#### EXERCISE DATA
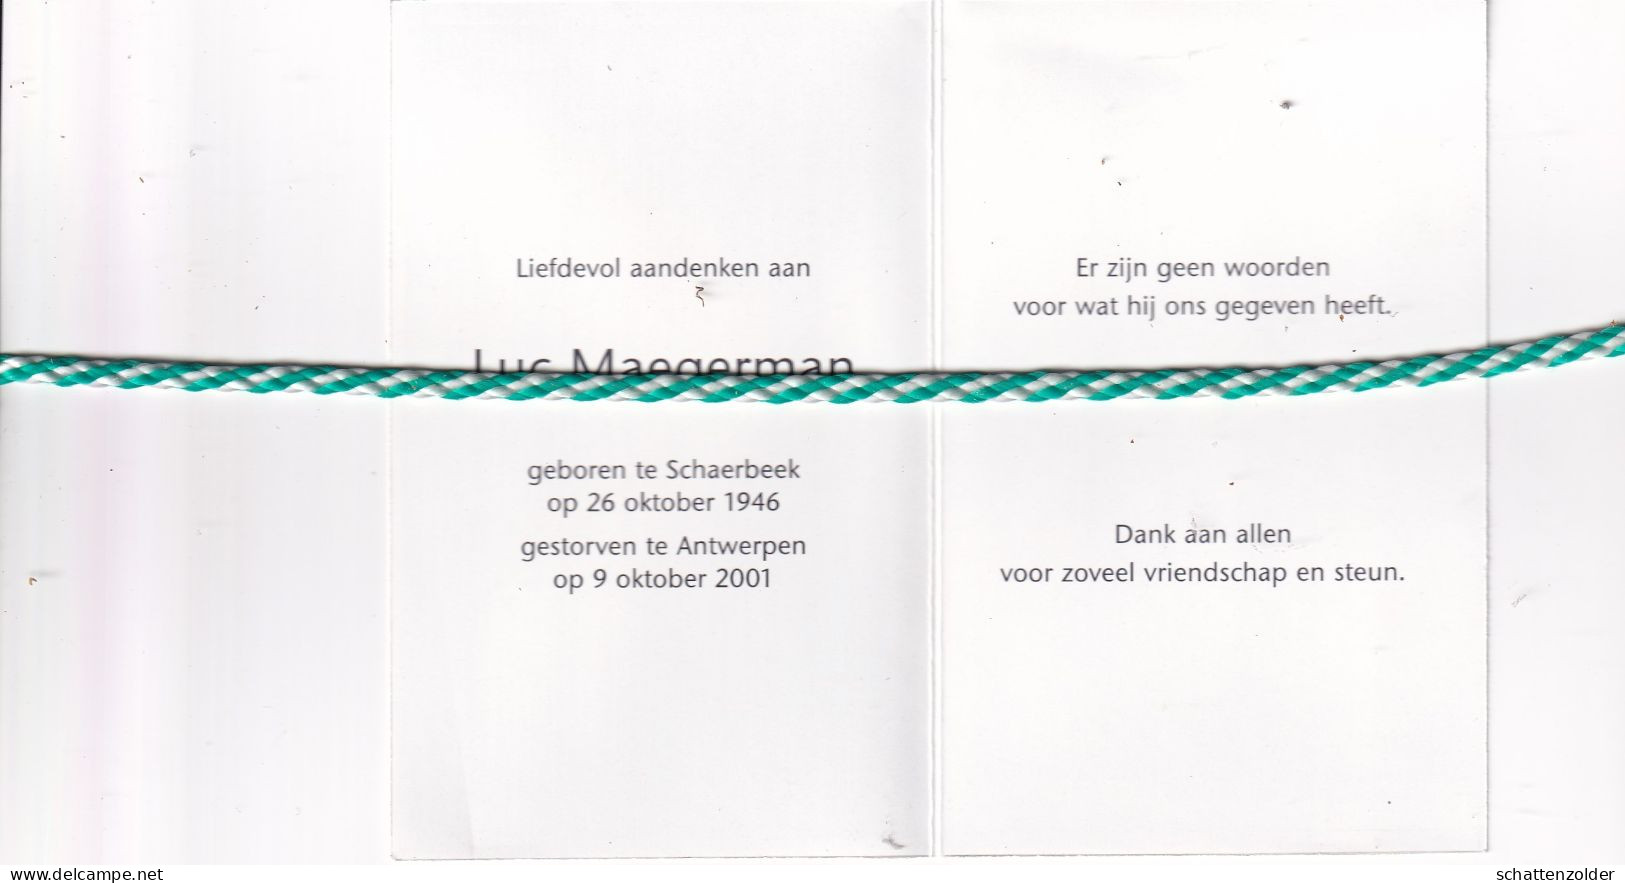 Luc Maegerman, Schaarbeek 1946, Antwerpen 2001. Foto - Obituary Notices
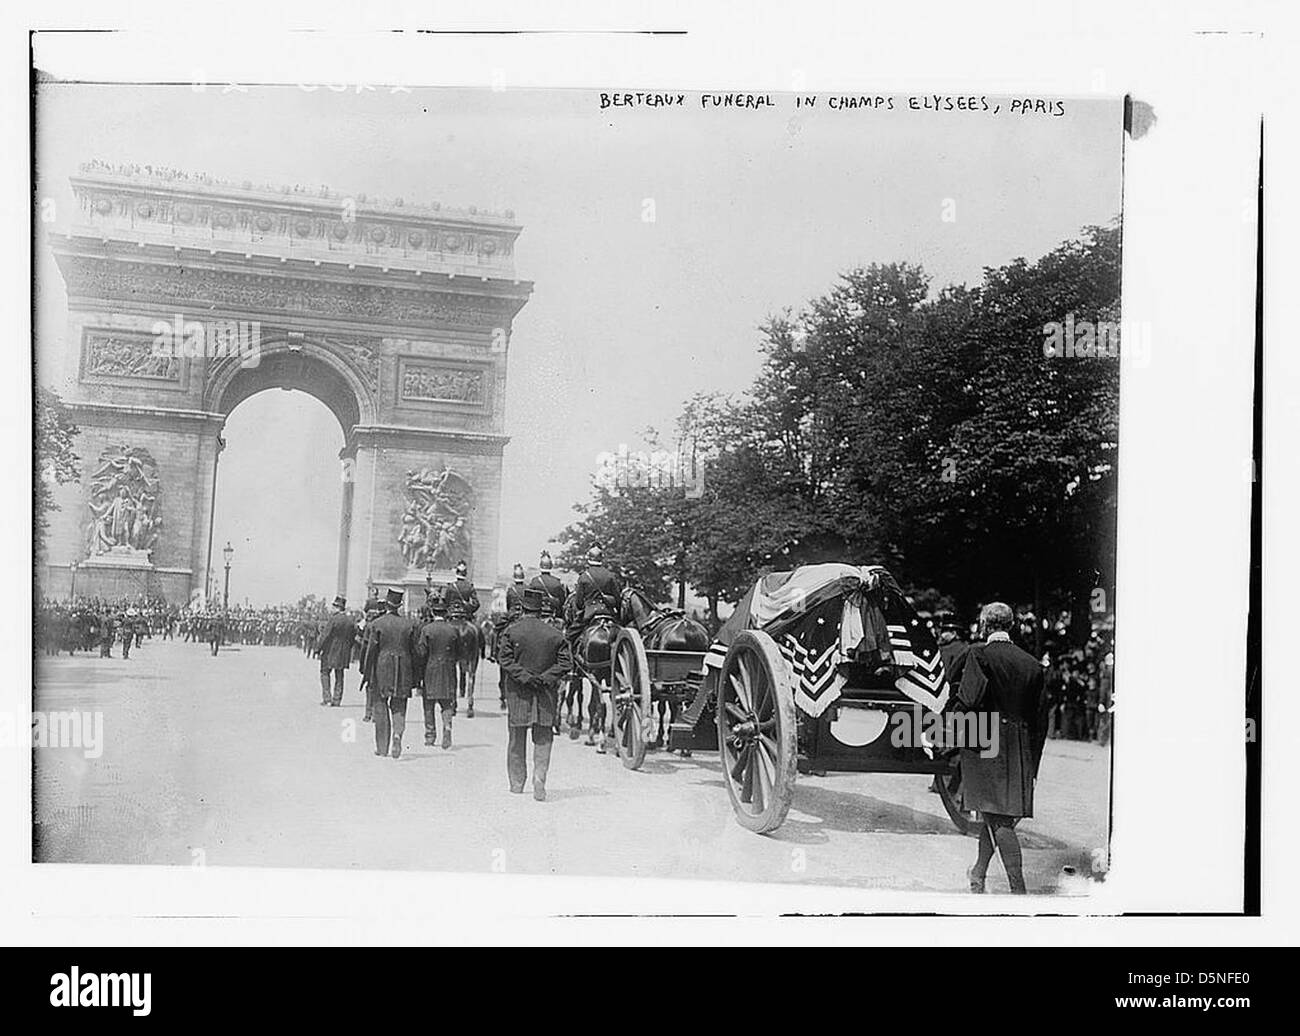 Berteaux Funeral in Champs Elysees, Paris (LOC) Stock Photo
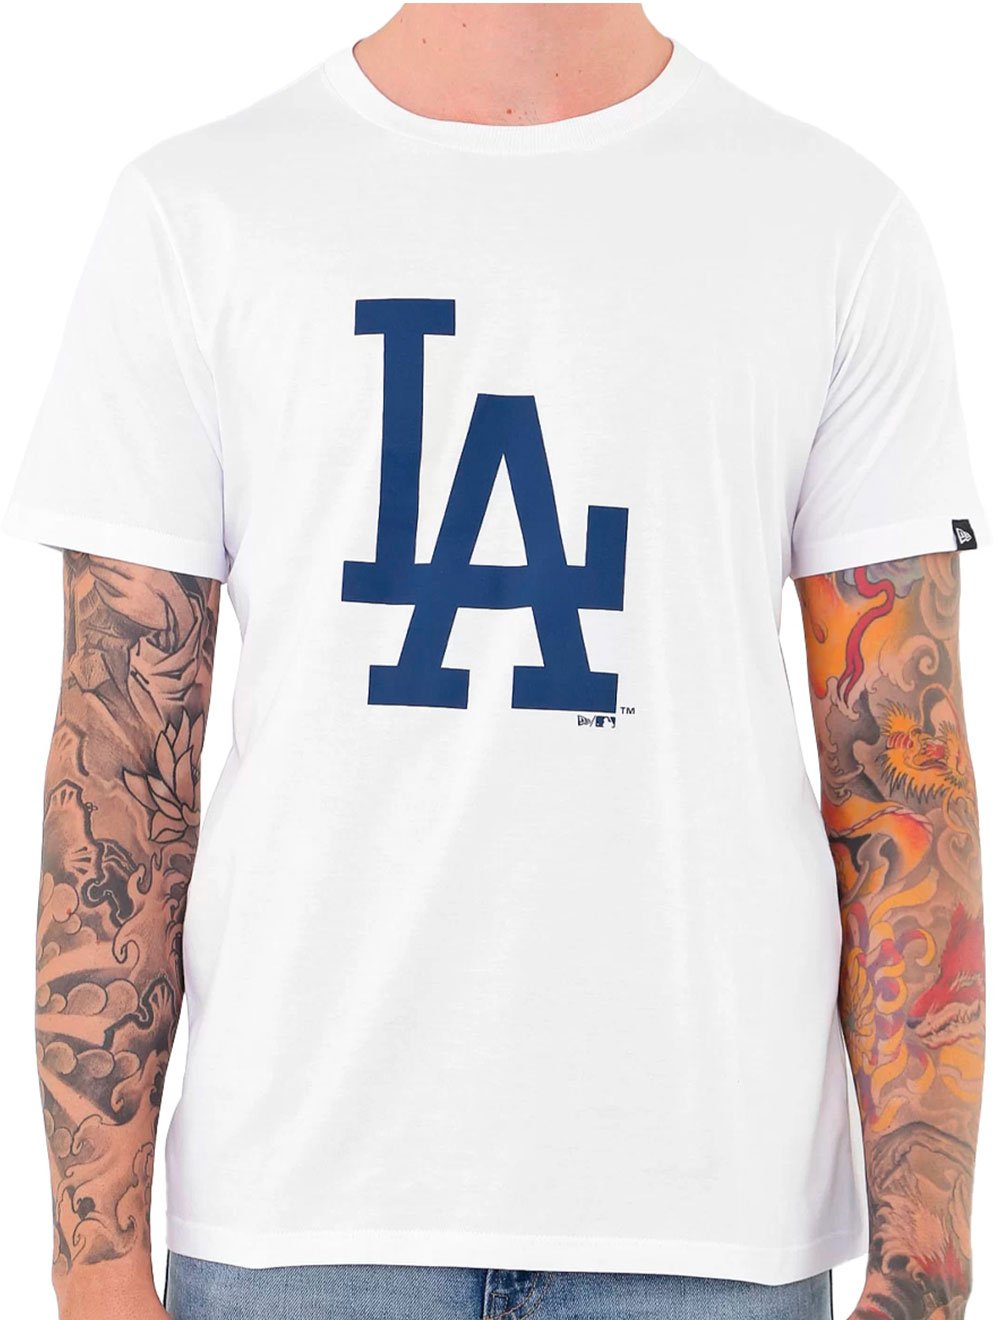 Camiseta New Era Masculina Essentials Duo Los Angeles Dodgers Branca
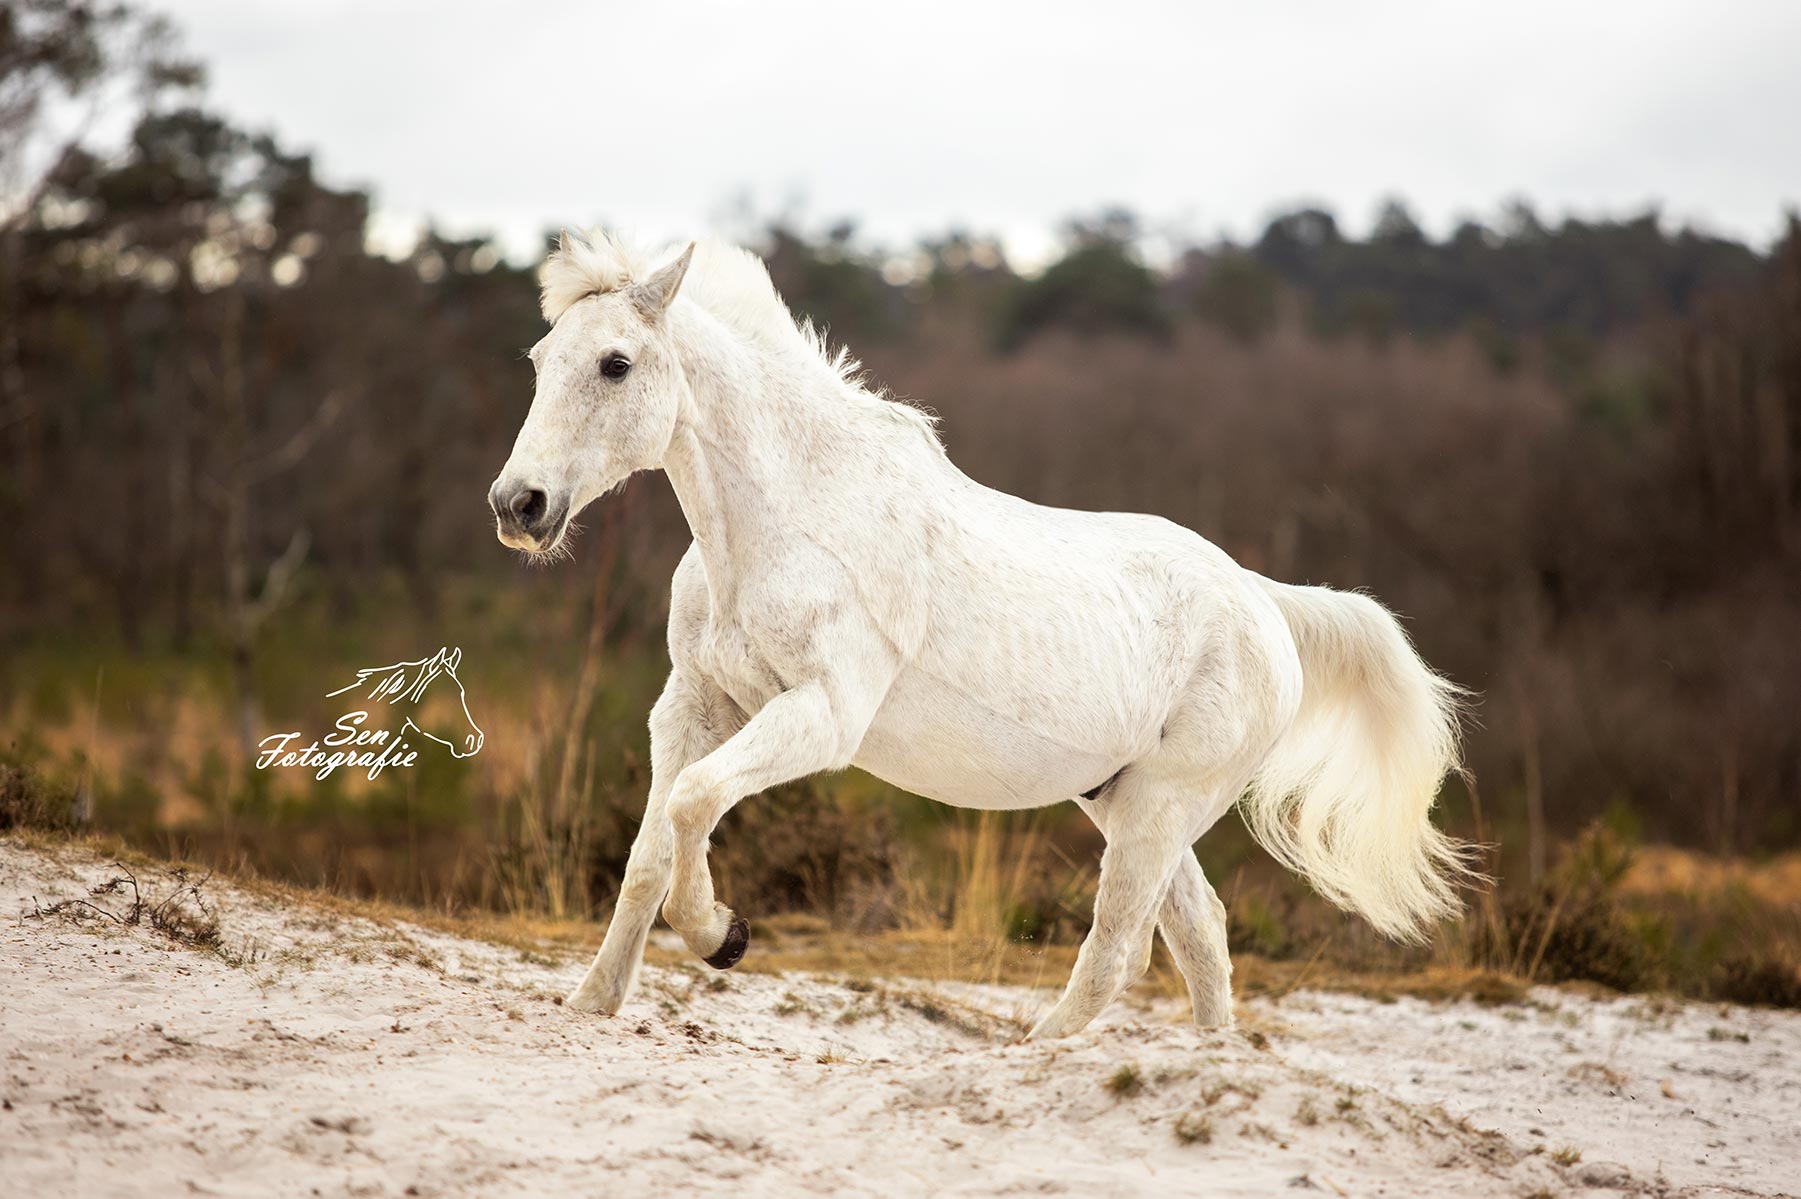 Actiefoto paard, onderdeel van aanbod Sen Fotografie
########
Every picture stays out; reproduce exactly the lines from the one with "Berteaux Funeral in" through the last line of the data above.

WRITTEN ANSWER —
 Berteaux Funeral in Champs Elysees, Paris (LOC) Stock Photo
 Camiseta New Era Masculina Essentials Duo Los Angeles Dodgers Branca
 Actiefoto paard, onderdeel van aanbod Sen Fotografie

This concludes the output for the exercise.